On Mon, 18.07.16 17:00, Ondřej Vašík (ovasik(a)redhat.com) wrote:
> So what do you propose instead? Just stick our heads in the
sand,
> ignore the issue, accept that in containers all files in /proc now
> sometimes show up as owned by the literal "65534" user and sometimes
> as owned by "nfsnobody", depending on whether the NFS utils package is
> in the mix or not, even though userns has really *nothing* to do with
> NFS?
No, that's not my proposal as you can read in my "we should find some
way how to solve it." ;)
I even proposed other way - changing overflowid/overflowgid
through /proc/sys/fs/overflowgid and /proc/sys/fs/overflowuid - that
should work - although changing documented defaults is usually not the
best way - so I don't think this is the right way to solve this
either.
I'd be be very careful with that, as this would mean files with the
old UIDs would suddenly change ownership, and code might lose access.
I am pretty sure that of the two bad solutions of changing the name of
the user or changing the UID of it, the latter is much worse than the
former...
> Another option could be to simply define both name mappings in
> /etc/passwd. i.e. list both the nfsnobody → 65534 mapping in it as
> well as nobody → 65534. This is only semi-supported though, and might
> just shift brokeness around... (a slightly different alternative could
> be to implement the "nobody" mapping in an explicit NSS module that is
> ordered after "files", and drop it from /etc/passwd. That way whatever
> is defined in /etc/passwd would take precedence, but if "nobody" is
> explicitly requested it would also be mapped, but would not show up in
> the user listing of "getent passwd". In effect, /etc/passwd and
> "getent passwd" would only show unique UID mappings that way, even
> though "nobody" stays always resolvable).

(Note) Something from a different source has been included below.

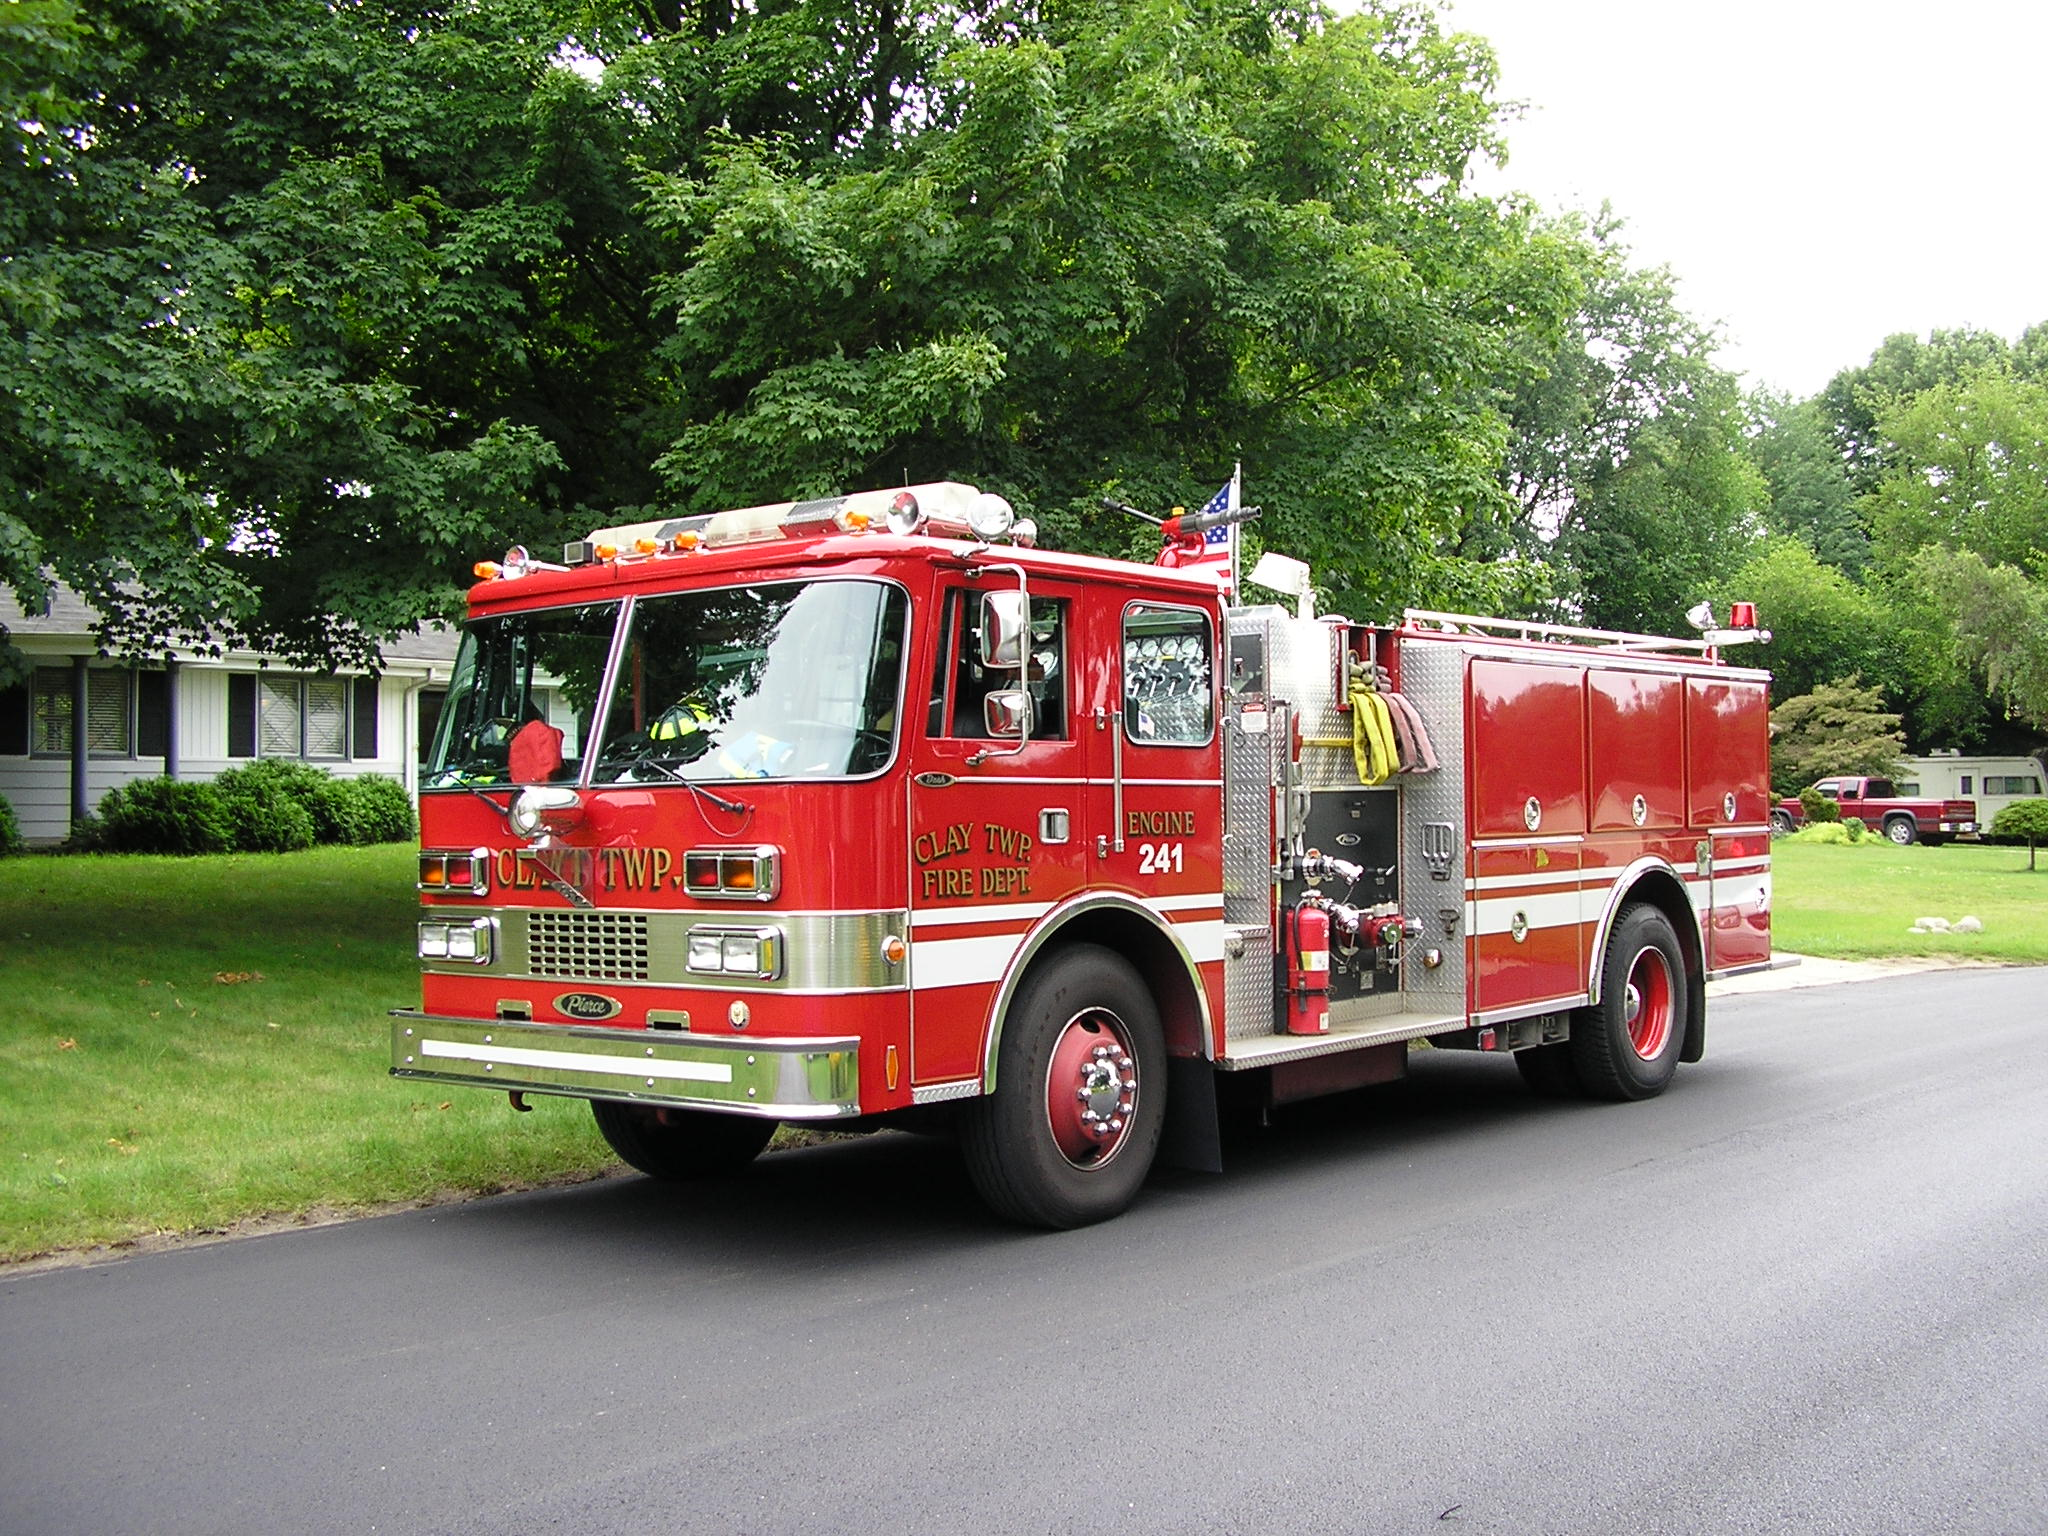 https://i2.wp.com/upload.wikimedia.org/wikipedia/commons/5/54/Fire_Engine_Clay_Twp.jpg

Mapping of both names to same ID through file precedence is not going to
solve this issue when nfs-utils package is installed. nfsnobody will own
some of the /proc files, confusing users. I like the NSS module a bit
more than "nobody->65534 , nfsnobody->get out" - especially if this will
be part of the systems where user namespaces are likely - to the
containers. Can be solution for most of the usecases (except the
container with nfs-utils installed).
The NSS option would work for me too. In fact, I am tempted to just
ship an NSS module along with systemd that maps UIDs 0 and 65534 like
this, if they aren't listed properly in /etc/passwd. Having that would
be pretty neat as container-like environments could drop their passwd
database entirely and still get useful resolution of the two most
relevant UIDs in this context.
In my opinion, simple solution is bad solution here. Maybe another
solution can be to define safe namespaces for system users - something
like _$name on OS X - however this is more complex than simple rename.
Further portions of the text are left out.